He doesn't seem to accept Mom's deterioaration. He keeps saying everything is fine and dismisses my observations with "its a morning thing or she's coming off her the sleeping meds etc.
She didn't remember it was my birthday this year. When I stopped by this morning she was unresponsive to discussion. She couldn't even identify what she was eating and when she eventually did talk what she said was really short and unrelated to anything. Lastly she often communicates by clapping and banging.
He still makes doctor appointments for cancer screening and to check on surgeries from over a decade ago. He's a younger sibling who was always very attached to her.
Anyone have a similar family dynamic? Based on what I'm observing seems more and more likely she's transitioning to stage 7 Alzheimer's.
It is what it is. Women have always been stronger than men in many ways, which is why we make great nurses who often know more than the doctors they assist. We don't like dementia and Alzheimer's, but we accept it and rise to the task of learning about it so we can be better caretakers. As a rule.
Sometimes it's very difficult to convince other people to what you so apparently can see. I was in no way in charge of any of my mother's care, so I had to keep injecting what I knew to be true about my mother's deteriorating cognitive functions whenever I could. It was a very frustrating and sad position to be in.
If so and mom is living alone she shouldn't be.

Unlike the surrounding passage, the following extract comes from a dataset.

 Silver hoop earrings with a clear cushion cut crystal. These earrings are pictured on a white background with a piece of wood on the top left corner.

Let me say I am a firm believer that anyone with dementia should not be living alone. it is dangerous for them. At anytime something could happen. A walk to the mailbox can lead to getting lost and injury or death. Letting someone ("the meter reader", a" service officer", "someone who needs to use the phone cuz their car broke down") into the house can lead to a robbery or worse.

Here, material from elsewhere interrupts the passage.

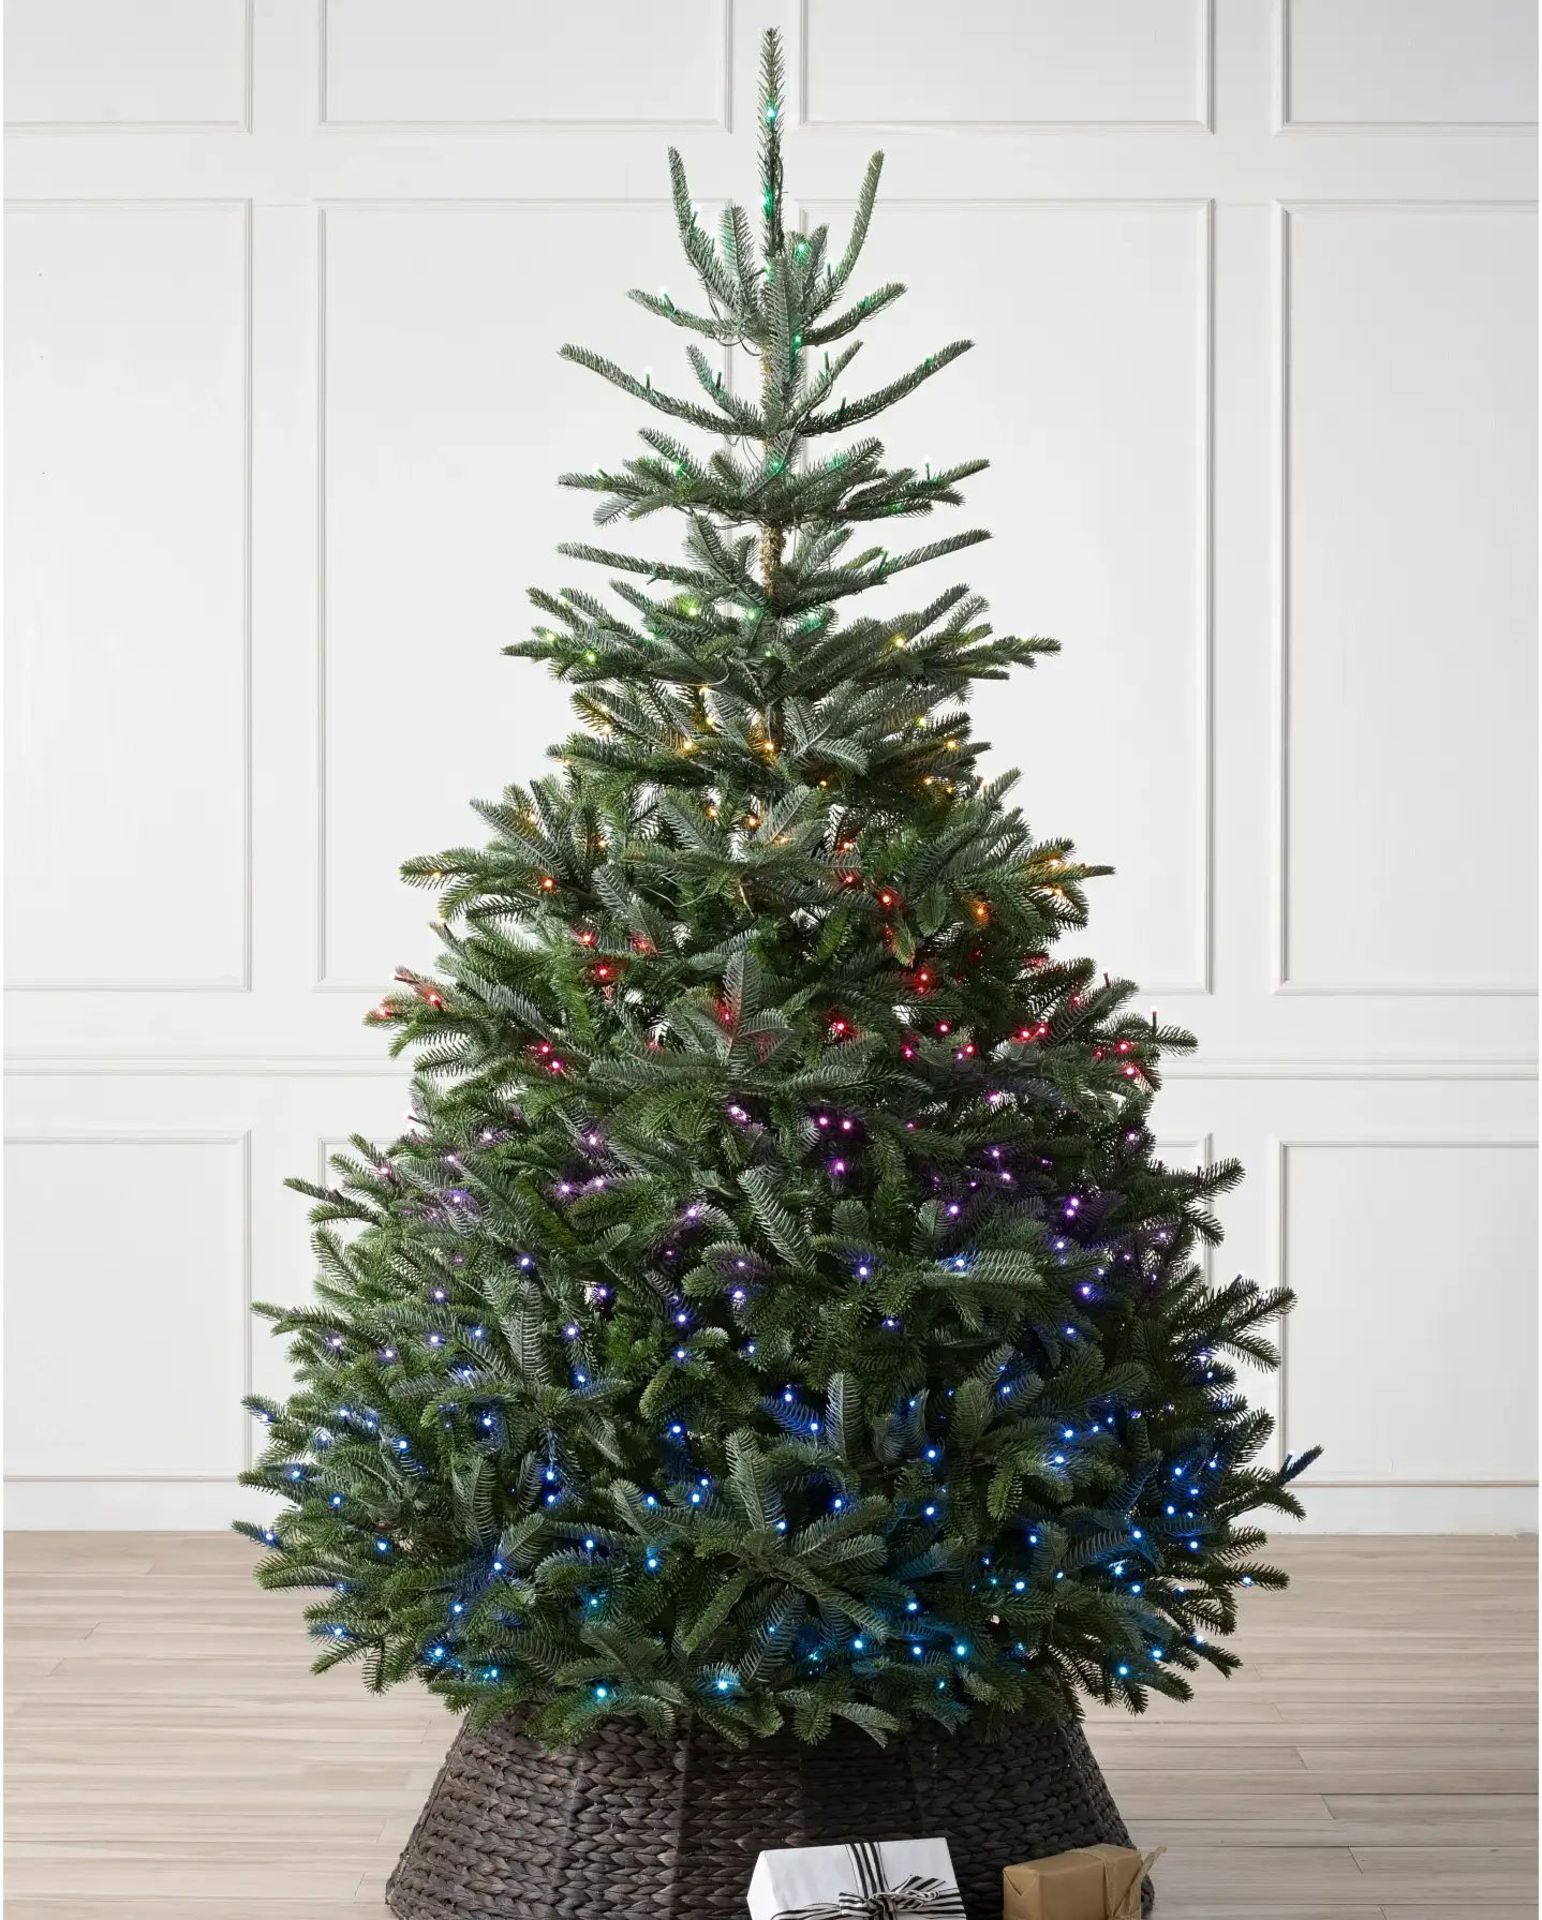 Balsam Hill (The worlds leading Christmas Trees) BH Nordmann Fir® 6ft with LED Twinkly Lights.

And I can sorta understand your brother.
Under "normal" circumstances it is difficult to watch someone you love lose themselves piece by piece to dementia.. But as close to your mother as your brother seems to be it is more difficult and it is much easier to be in denial about what is happening.
You can't fix that or his perception as to what is going on.
What you can do is make sure mom is safe.
If she does not have a complete diagnosis yet you need one.
If she has not appointed a POA for Health and or Finances if that is possible do it ASAP. An attorney after talking to her can determine if she understands what is being asked and what she is signing. so make an appointment with an Elder Care Attorney and if she has "good or better" times of day make the appointment for then. If it is determined that she is not cognizant then she will either need a Guardian you or other family member or the Court can appoint one if there are none that want to take on this responsibility.
It's pointless to argue with brother. He's deep into his delusion, which may be brought about by grief or even anger.
So then what? Mom's diagnosed but brother's still delusional. At that point, you have to figure out what is best for mom and how to remove brother as her caregiver, POA, or whatever his involvement is. I hope it goes well!